Dans ce contexte, le Gouvernement avait demandé aux partenaires sociaux, à l'issue de la conférence sociale de juillet 2014, d'accélérer leurs travaux sur la modernisation du dialogue social. Malgré cinq mois de négociation, ils n'ont pu que constater l'étendue de leurs désaccords le 22 janvier 2015.

En conséquence, le ministre du travail a préparé un projet de loi qui n'est certainement pas la réforme structurelle du dialogue social indispensable à notre pays, mais plutôt un texte qui, faute d'ambition, opte trop souvent pour le plus petit dénominateur commun entre les positions patronales et syndicales. Il est composé de six volets, dont la cohérence d'ensemble n'a pas été renforcée par les travaux de l'Assemblée nationale : la représentation des salariés des TPE, la modernisation des IRP, plusieurs dispositions sur la santé des travailleurs et la pénibilité, le régime d'indemnisation du chômage des intermittents du spectacle, diverses mesures d'ampleur limitée en faveur de l'emploi, et la création de la prime d'activité.

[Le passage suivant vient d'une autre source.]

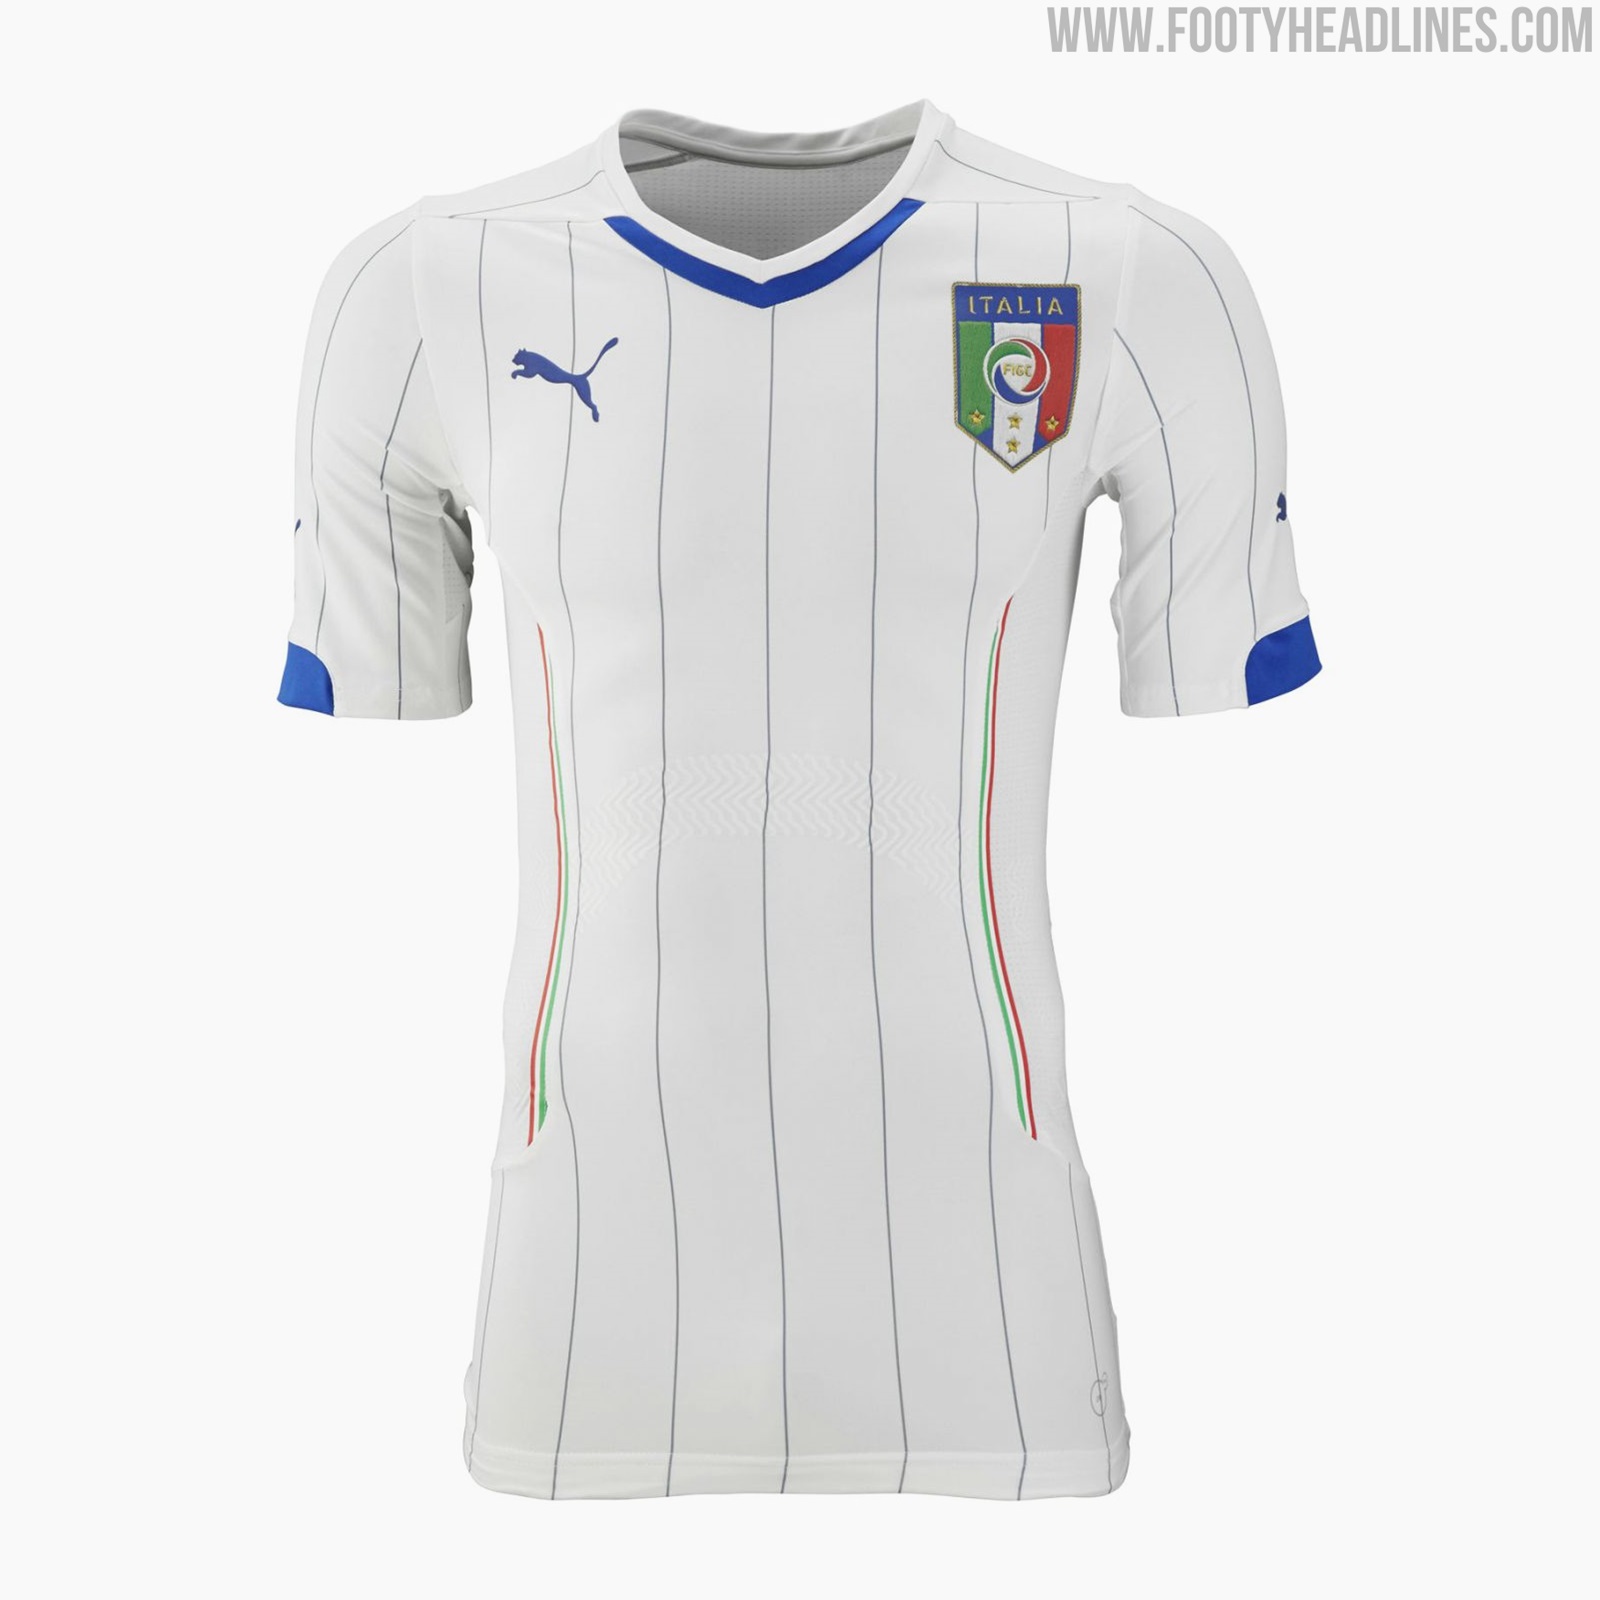 Italy's iconic jerseys through the years

Sans s'attaquer aux insuffisances du modèle français du dialogue social, qui a atteint ses limites, le projet de loi comporte une série de mesures techniques de simplification bienvenues pour que le dialogue social ne soit plus perçu comme une contrainte administrative et financière par les entreprises mais comme un levier de leur compétitivité. Au vu des réactions des représentants des employeurs, c'est une véritable révolution culturelle qu'il faut entreprendre sur ce point.

Durant ses travaux votre commission a, sur proposition de son rapporteur, cherché à réconcilier les TPE et le dialogue social, en faisant de celui-ci la condition sine qua non de la création de commissions paritaires régionales interprofessionnelles (CPRI) chargées d'en représenter les salariés et les employeurs. Elle a circonscrit les attributions de ces CPRI au conseil aux entreprises et aux salariés. Elle a également simplifié davantage les modalités d'exercice du dialogue social en entreprise, réduit les risques juridiques que faisaient peser plusieurs dispositions et amélioré la clarté et la lisibilité de la prime d'activité.